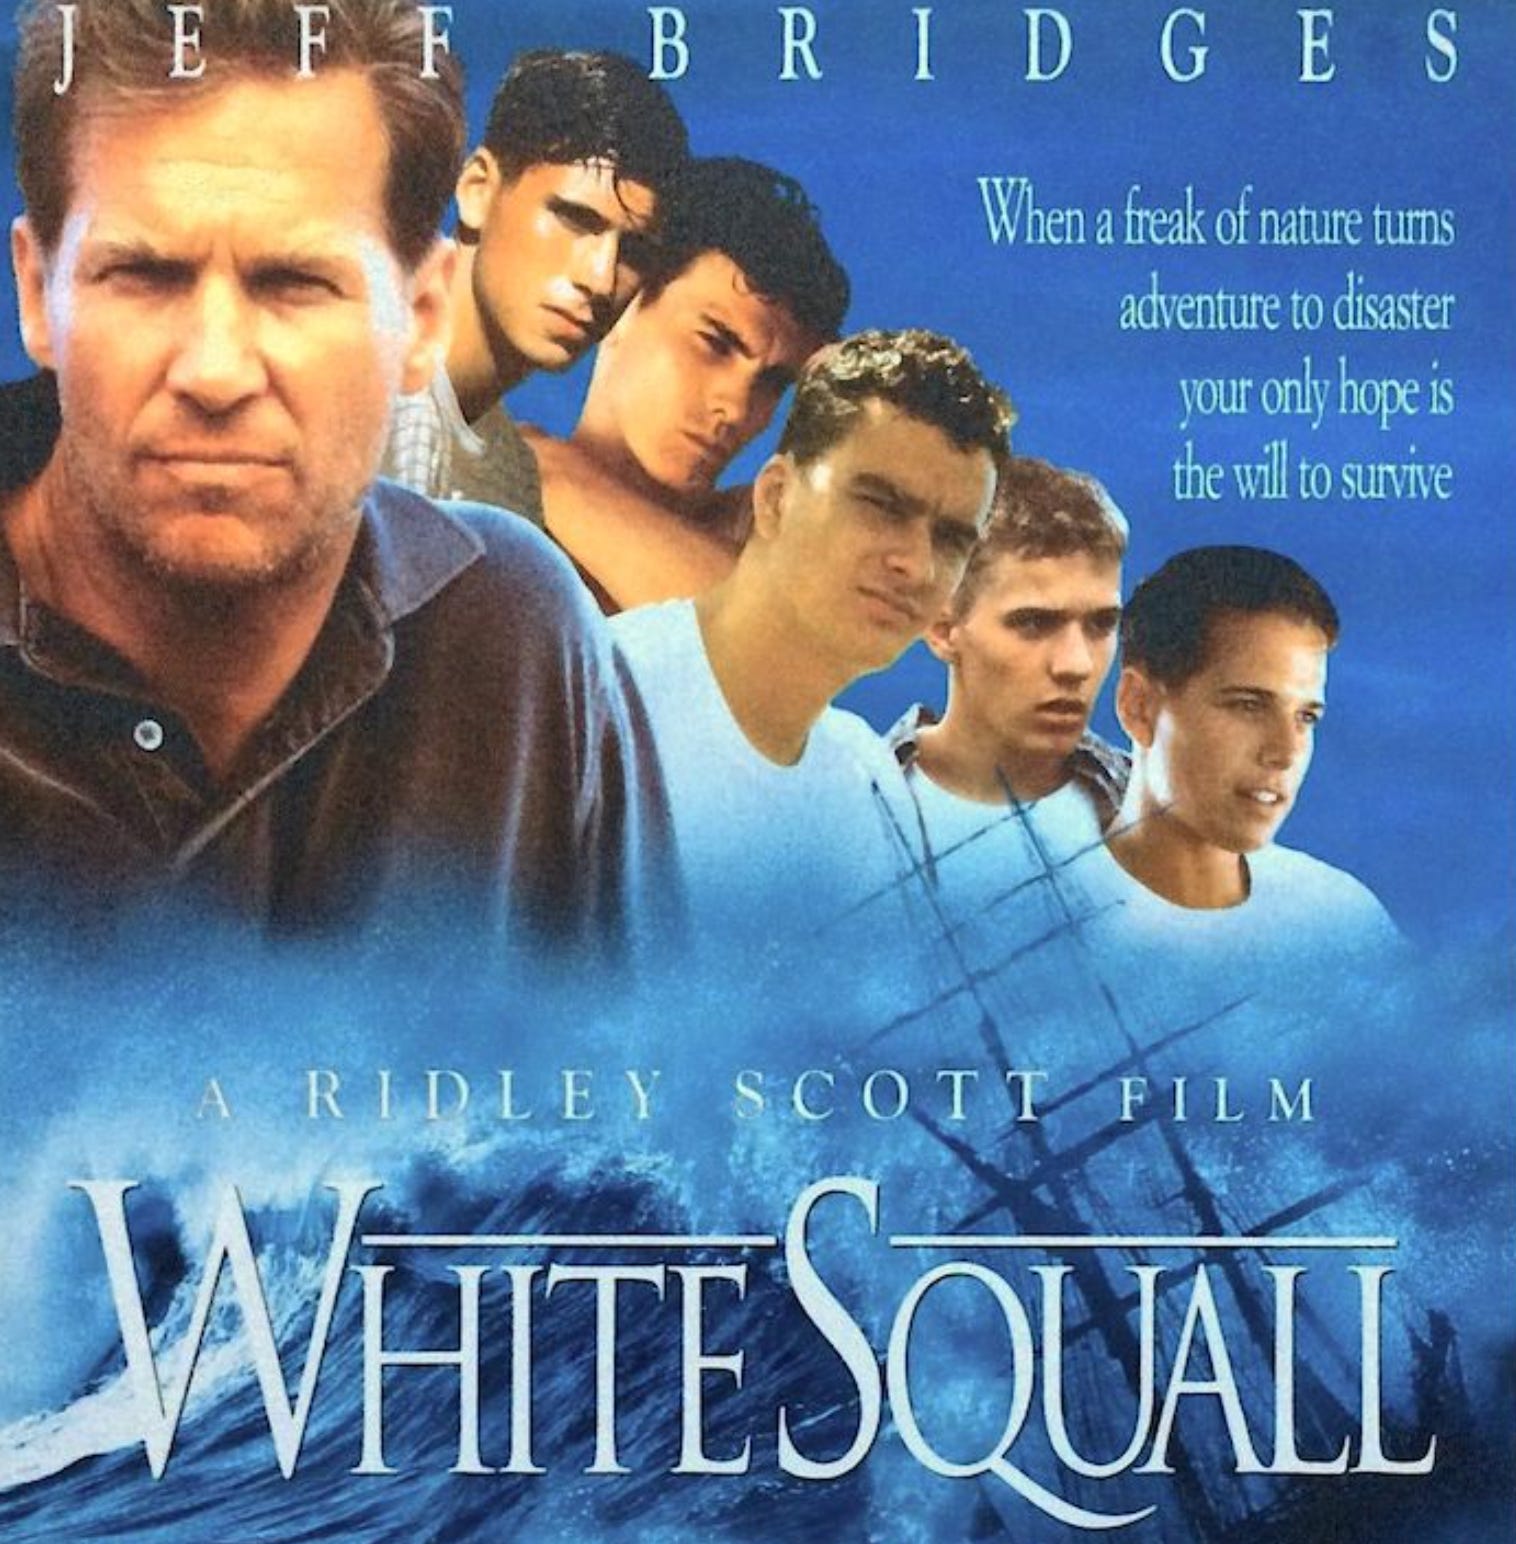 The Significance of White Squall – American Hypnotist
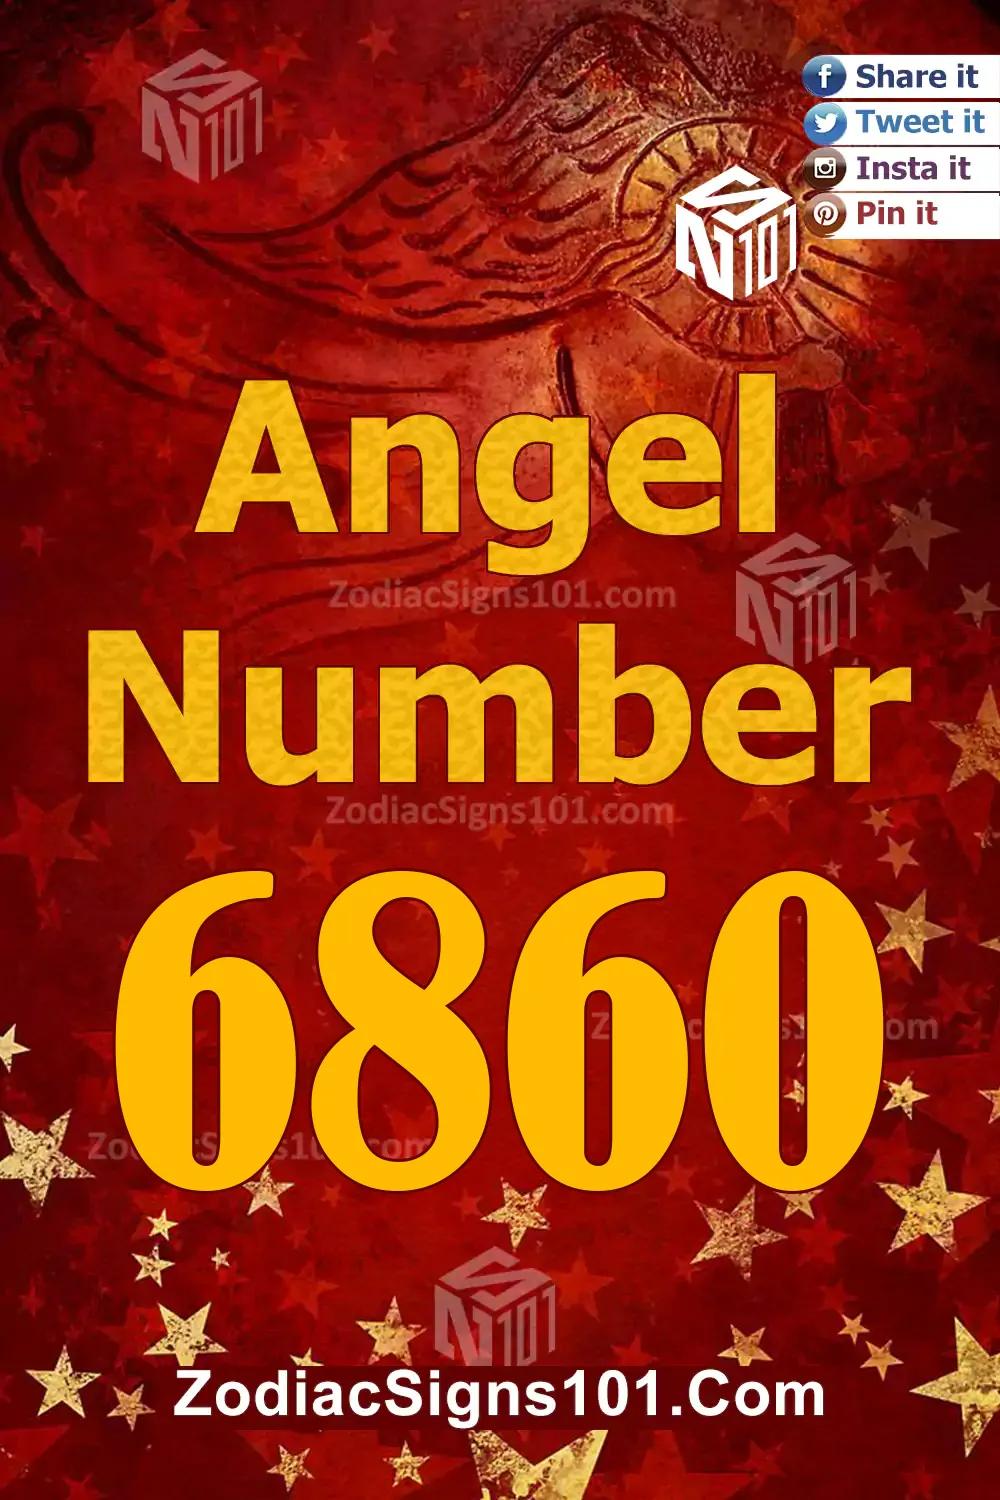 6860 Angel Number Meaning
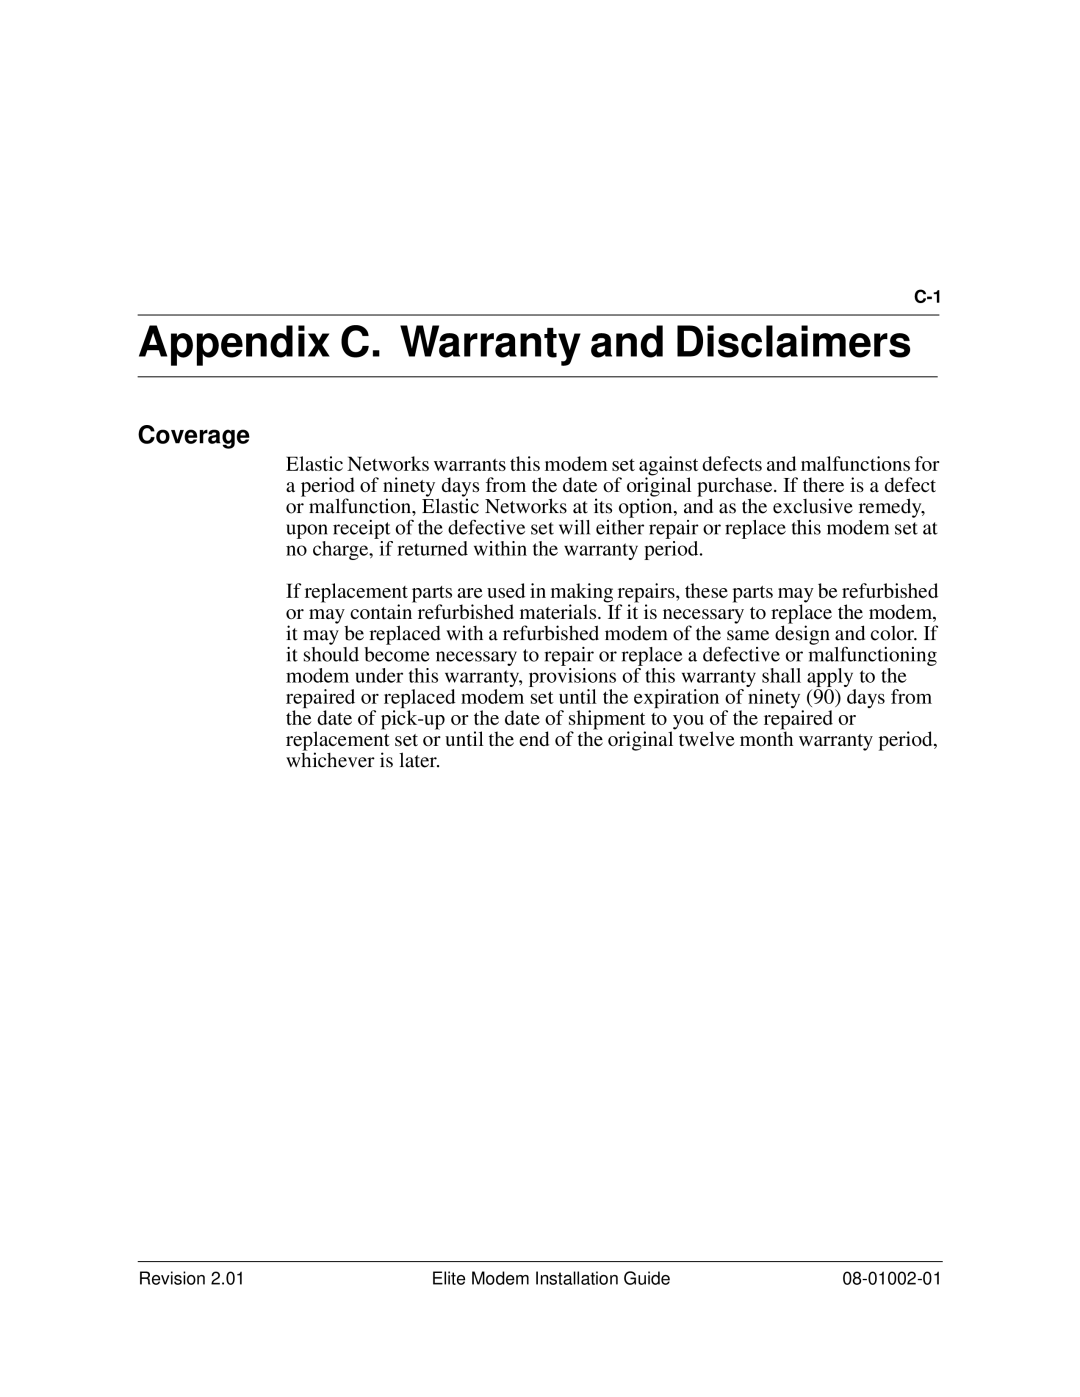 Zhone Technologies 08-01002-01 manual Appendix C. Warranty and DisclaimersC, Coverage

* **Exercise description**: Everything in the data except the pictures needs to be written out exactly.

* **Written answer**:
 The Significance of White Squall – American Hypnotist
 6860 Angel Number Meaning
 Zhone Technologies 08-01002-01 manual Appendix C. Warranty and DisclaimersC, Coverage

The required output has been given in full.